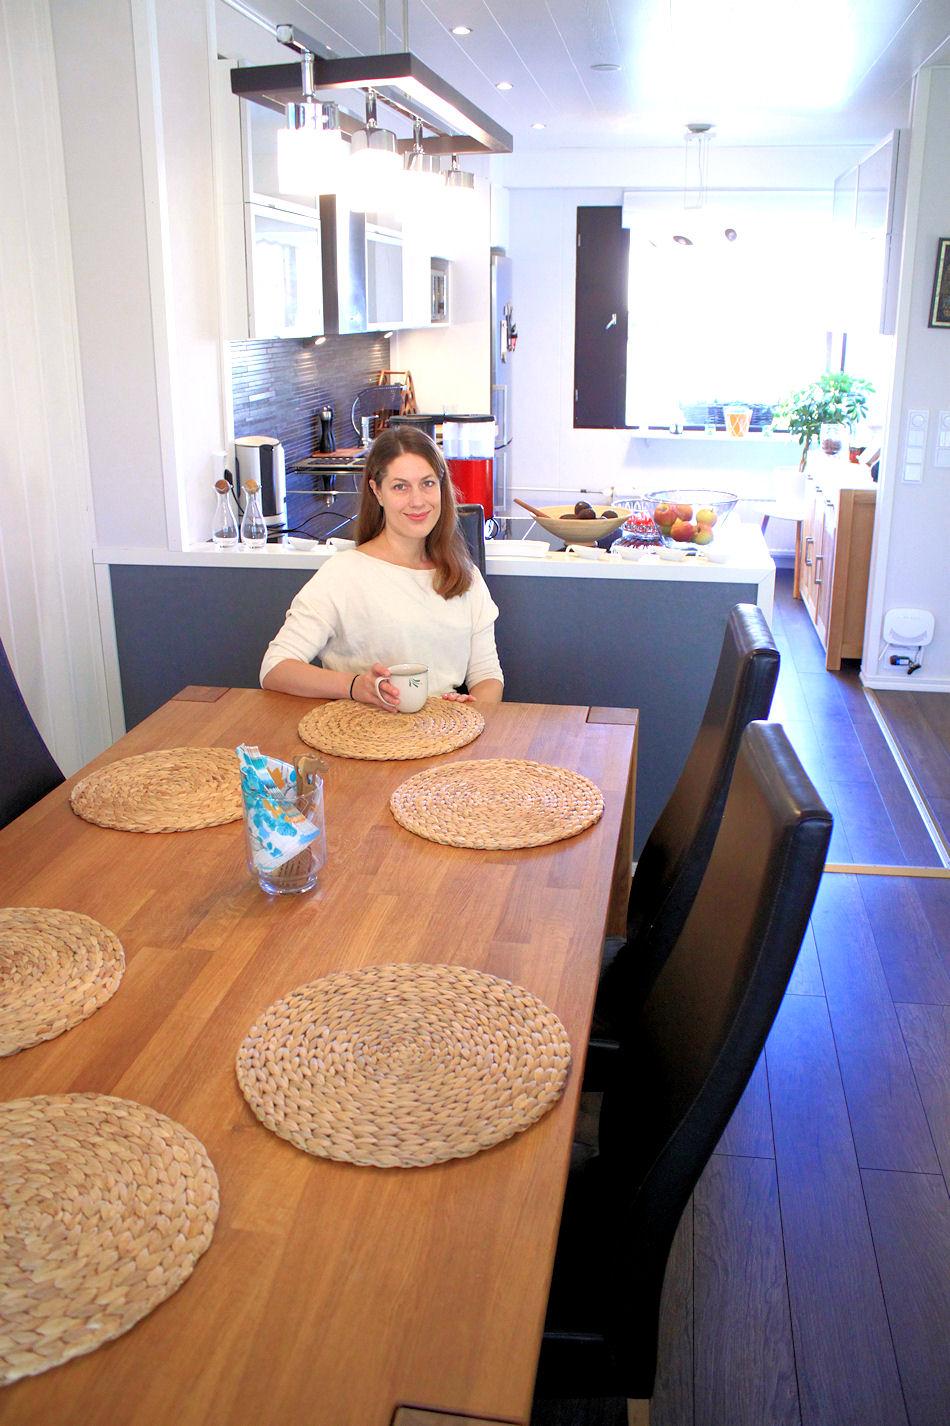 Ruokailutilan pöytä on ostettu Tallinnasta. Olimme hakemassa sieltä remonttitarvikkeita, kun se osui silmään ja oli pakko saada matkaan. Rakastan edelleen tammista täyspuupöytäämme, vaikka muuten sisutukseen ei ole oikein panostettukaan.
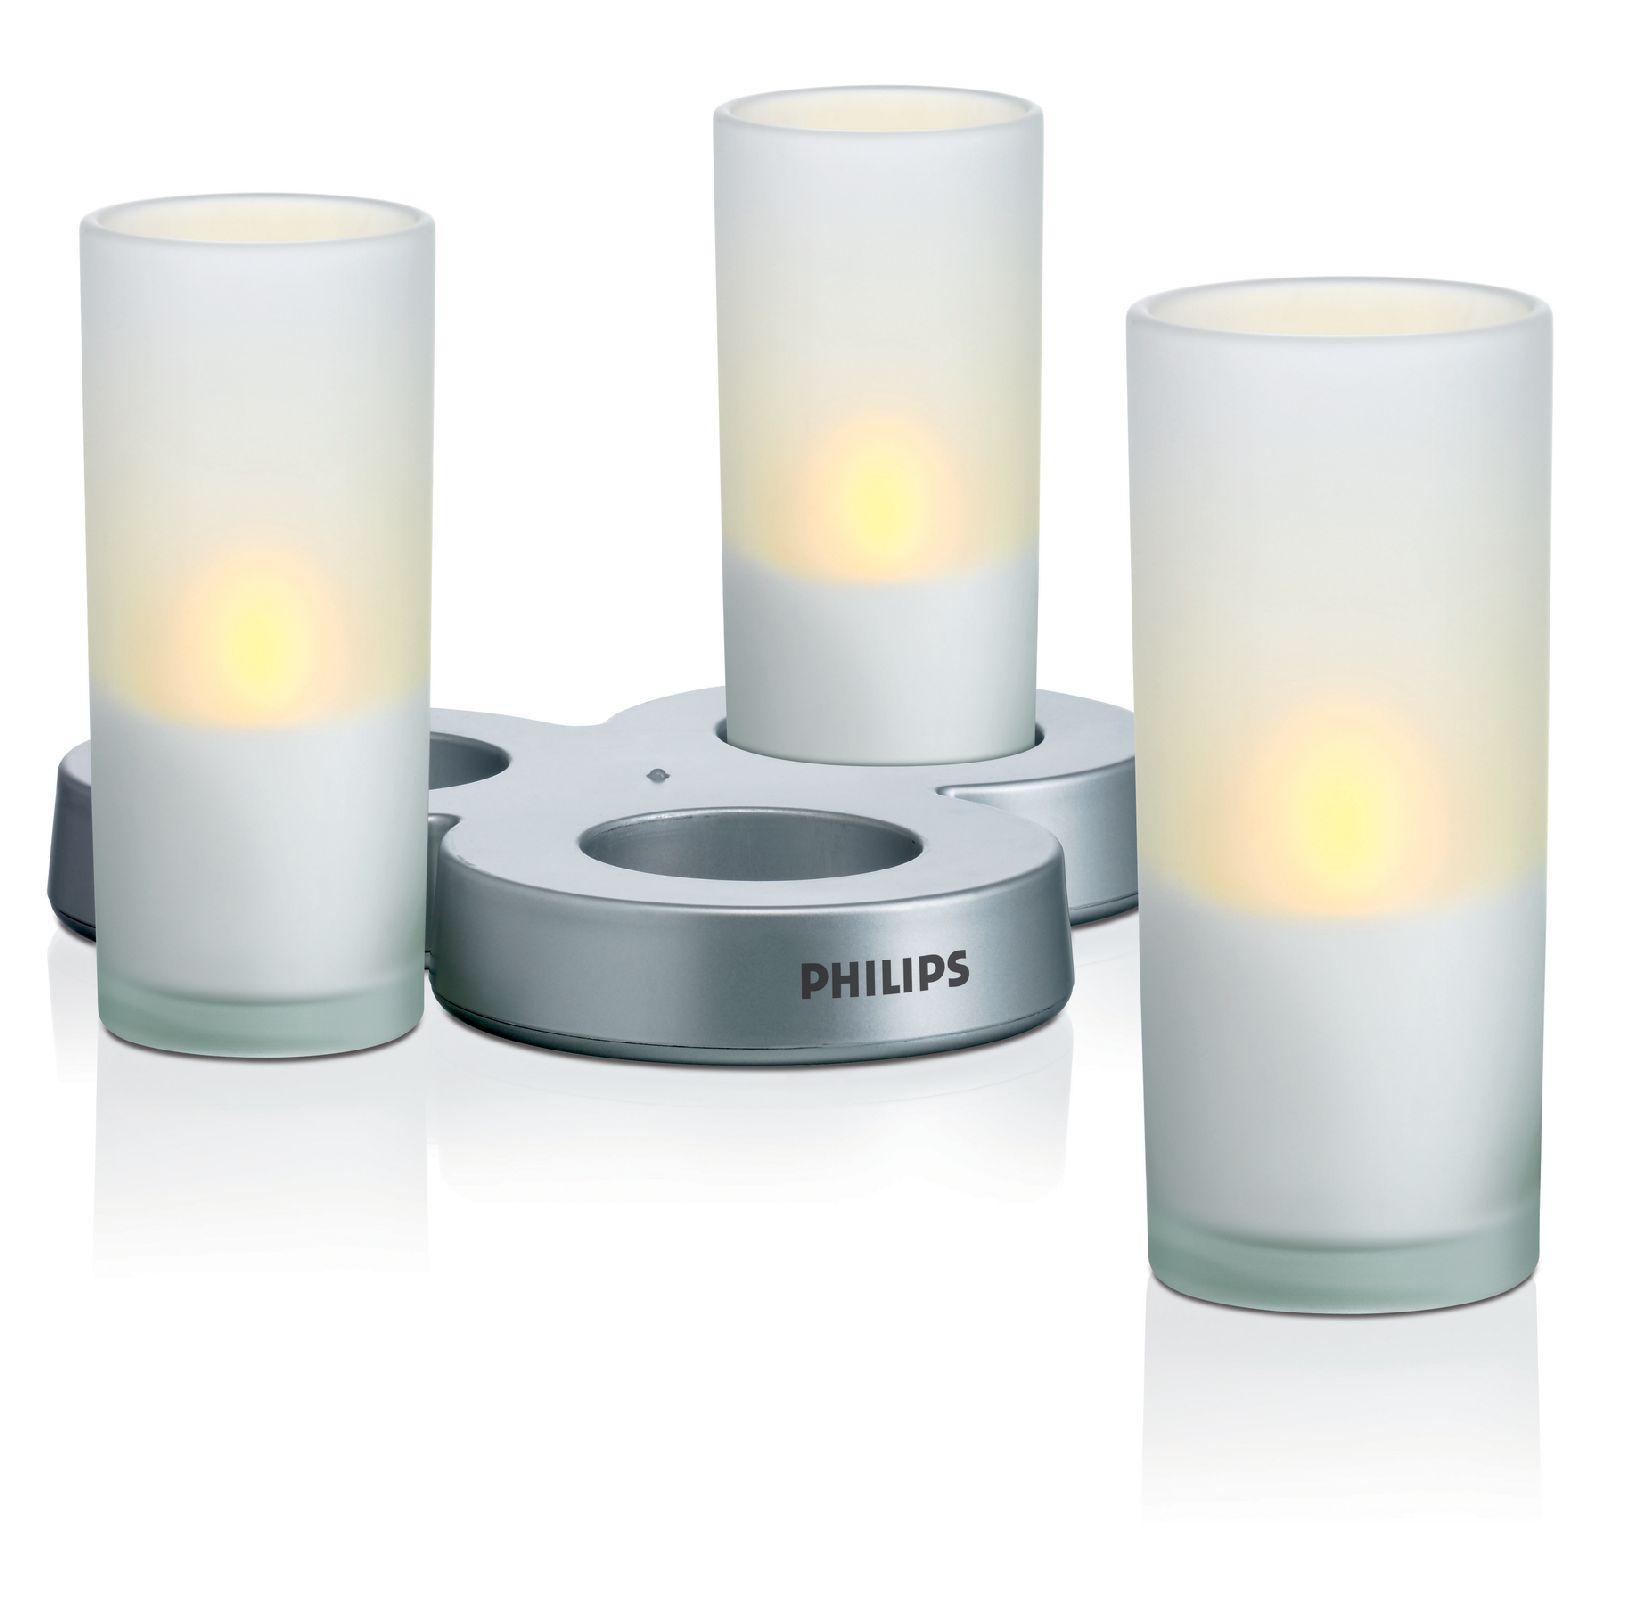 imageo-candlelights-yellow-von-philips Wunderbar Led Lampen E14 Warmweiß Dekorationen
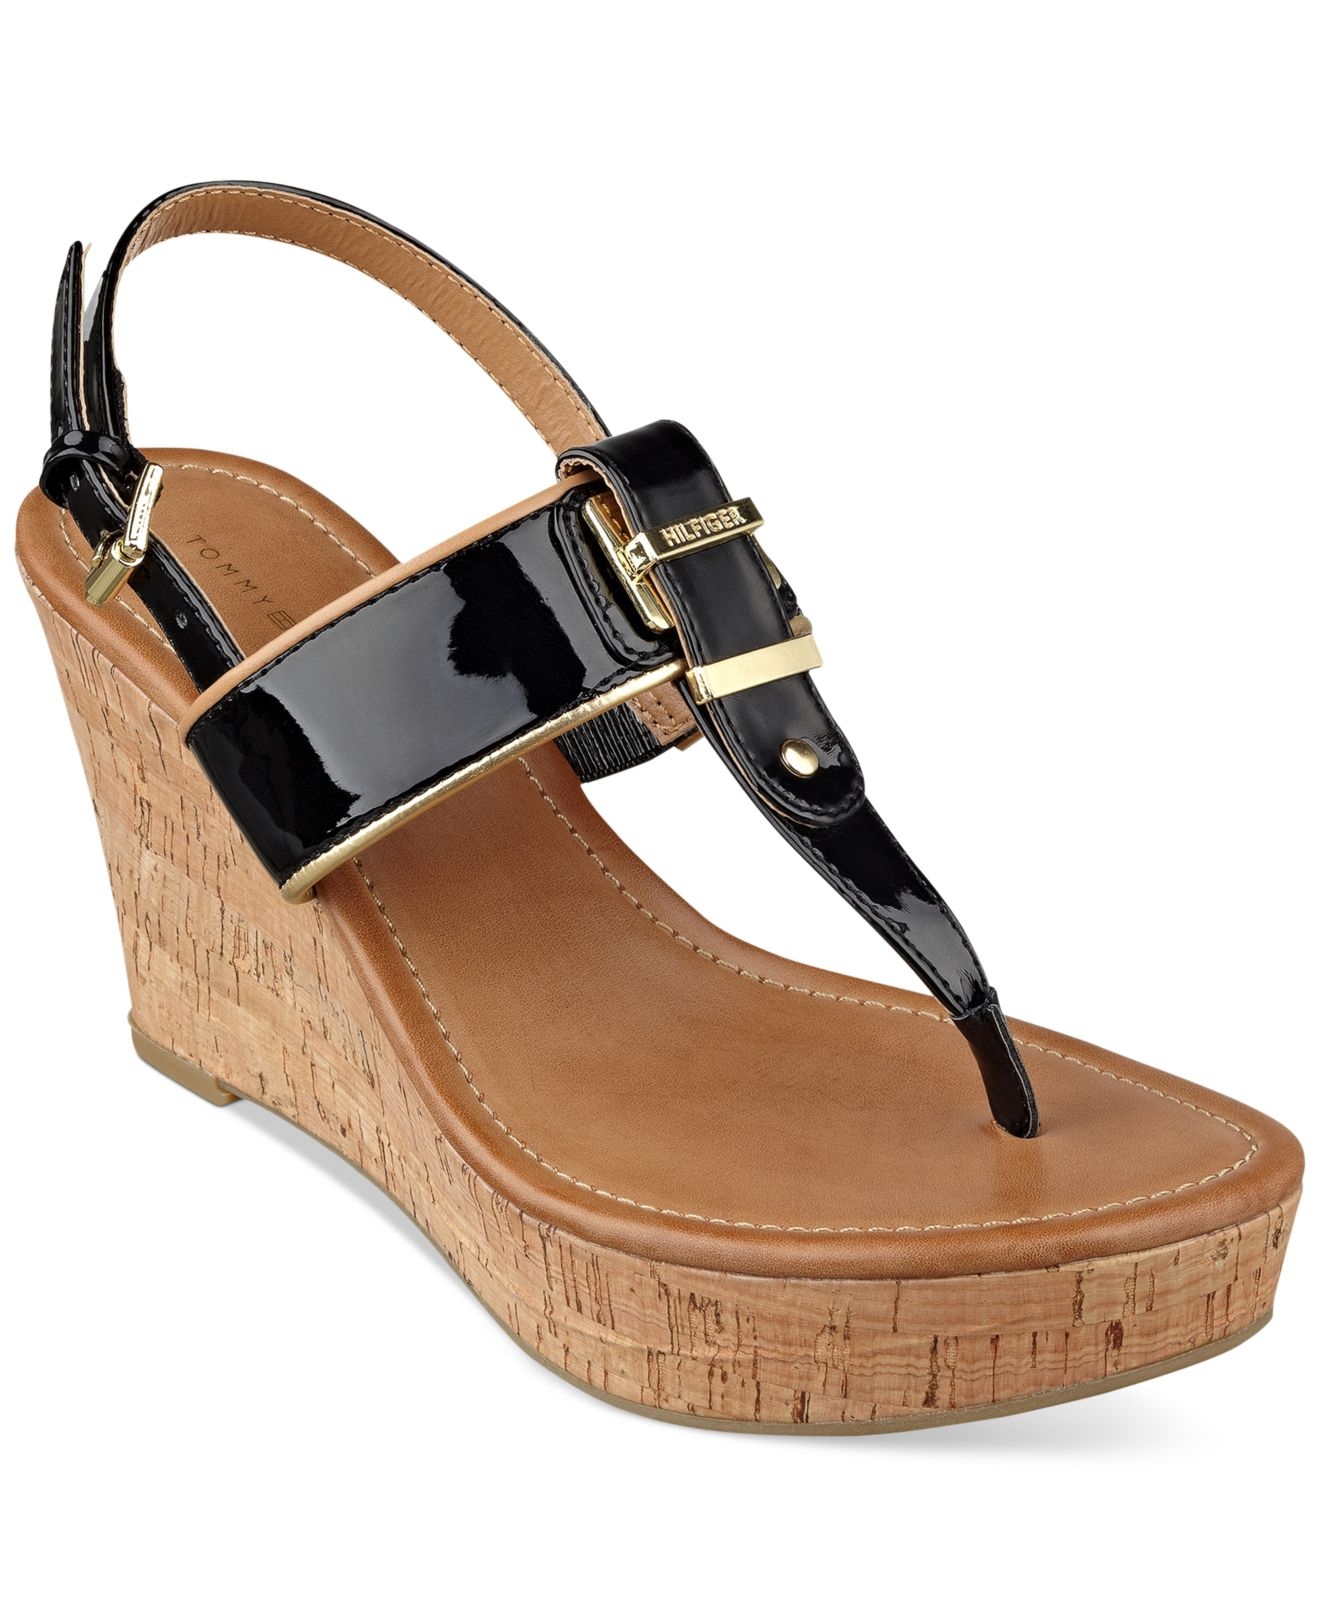 tommy hilfiger maree platform thong wedge sandals in black lyst. Black Bedroom Furniture Sets. Home Design Ideas
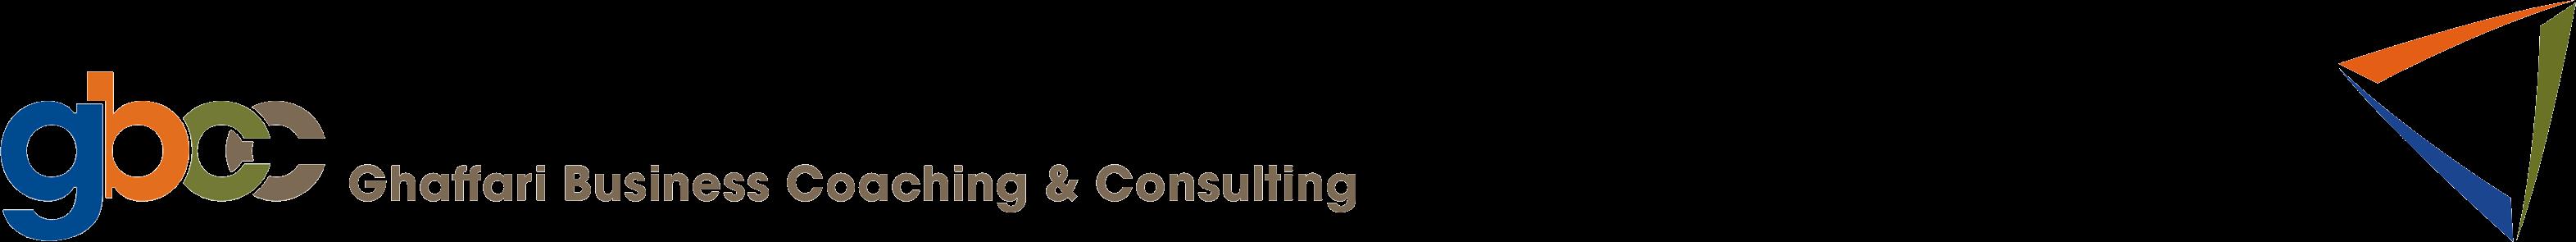 Ghaffari Business Coaching & Consulting
________
• **Problem details**
A faithful copy of all the lines above is needed, with the pictures omitted.

• **Response to the exercise**
 Ruokailutilan pöytä on ostettu Tallinnasta. Olimme hakemassa sieltä remonttitarvikkeita, kun se osui silmään ja oli pakko saada matkaan. Rakastan edelleen tammista täyspuupöytäämme, vaikka muuten sisutukseen ei ole oikein panostettukaan.
 imageo-candlelights-yellow-von-philips Wunderbar Led Lampen E14 Warmweiß Dekorationen
 tommy hilfiger maree platform thong wedge sandals in black lyst. Black Bedroom Furniture Sets. Home Design Ideas
 Ghaffari Business Coaching & Consulting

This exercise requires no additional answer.